Bibliographic record
Abstract
With the highly-visible movements such as #MeToo and #TimesUp there has been increased attention on the role men can play in violence prevention. Locally, we heard from various leaders throughout the violence prevention sector that more men are trying to access local domestic and sexual violence supports and services. Representatives from several agencies and institutions also told us they are experiencing challenges with how to design and offer programs and supports for men, how to create strategies within their organizations to engage and work with men, and how to curate organizational cultures to integrate men into workplaces traditionally dominated by women. In response to these conversations, in 2018, Shift launched a research project to collect information to help identify high-priority and emergent service/capacity gaps related to men’s violence prevention needs with the hope of mobilizing government and community partners to more effectively address these gaps here in Calgary, Alberta.
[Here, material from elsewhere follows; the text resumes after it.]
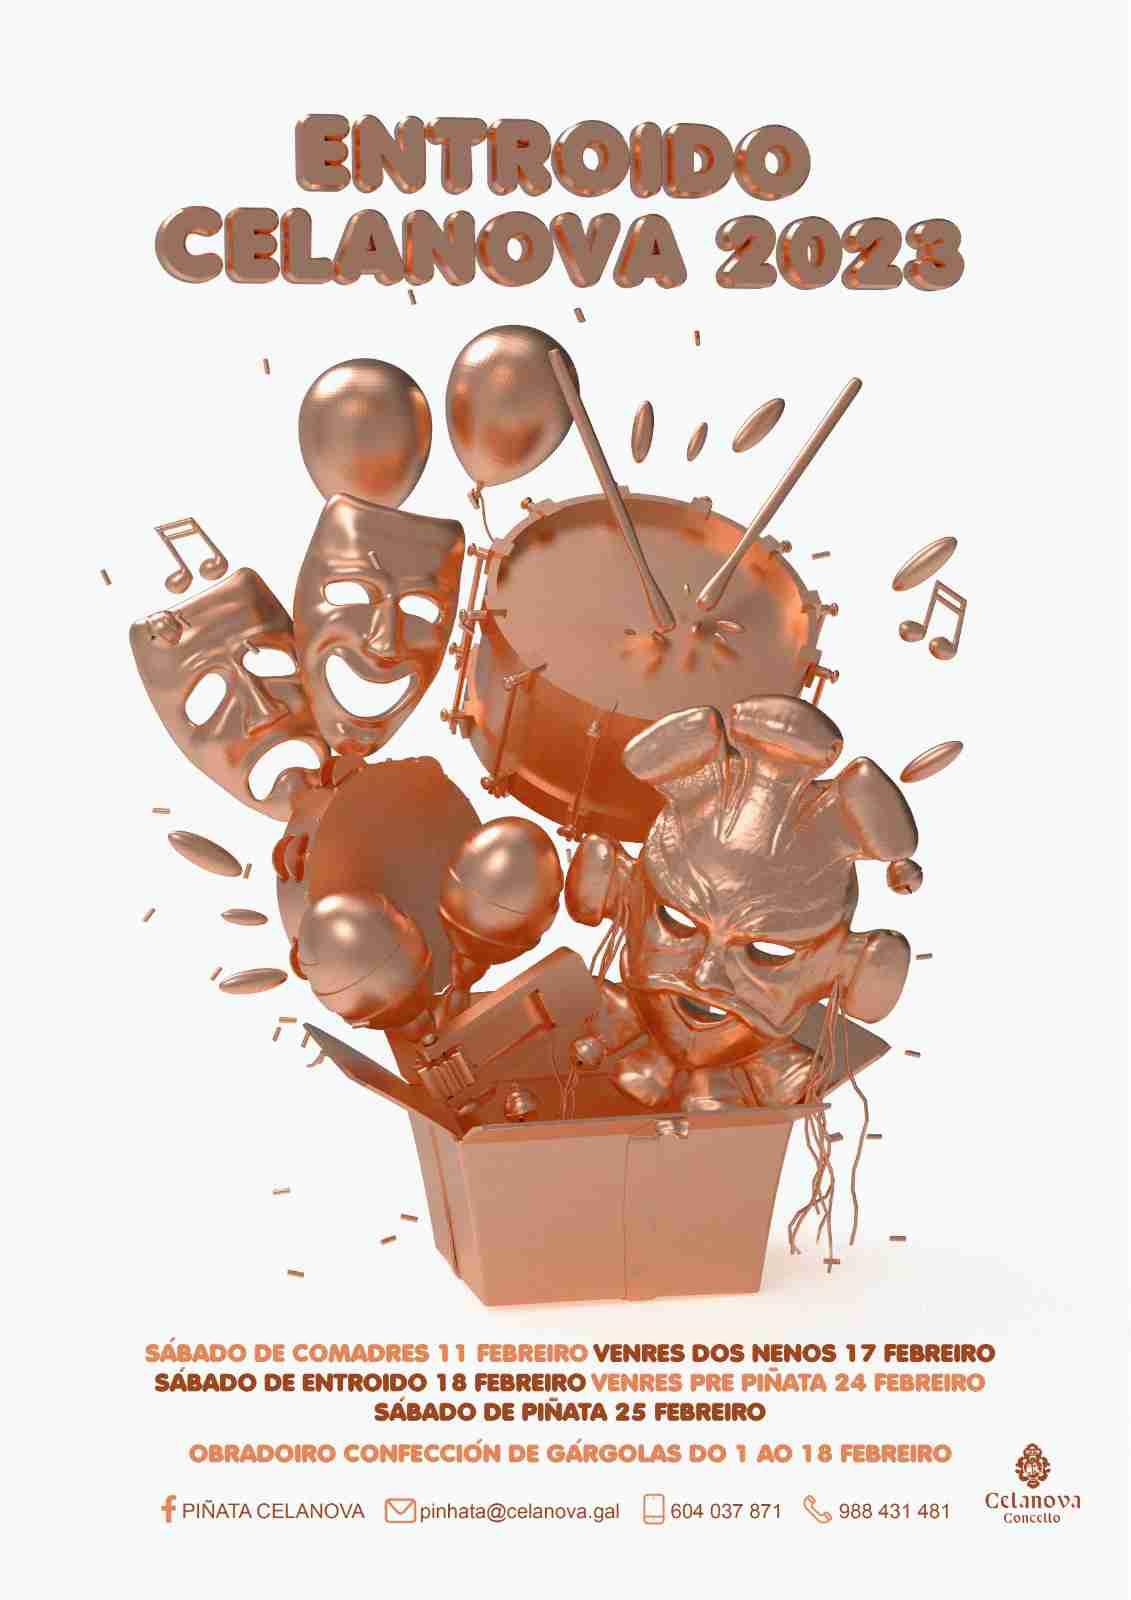 Carnaval Celanova 2023 - Formulario de inscripción para el sábado de PIÑATA

More specifically, the goal of the research project was to better understand who is seeking services, what are these men asking for, and how can the human service sector develop or enhance services to better support their needs while furthering the goal of violence prevention. From June to July 2018, Shift undertook a series of interviews with key individuals working in the Calgary domestic and sexual violence sector to better understand these challenges and to identify possible solutions to more effectively support men across the violence prevention continuum (men as victims, perpetrators, allies, leaders and violence disrupters).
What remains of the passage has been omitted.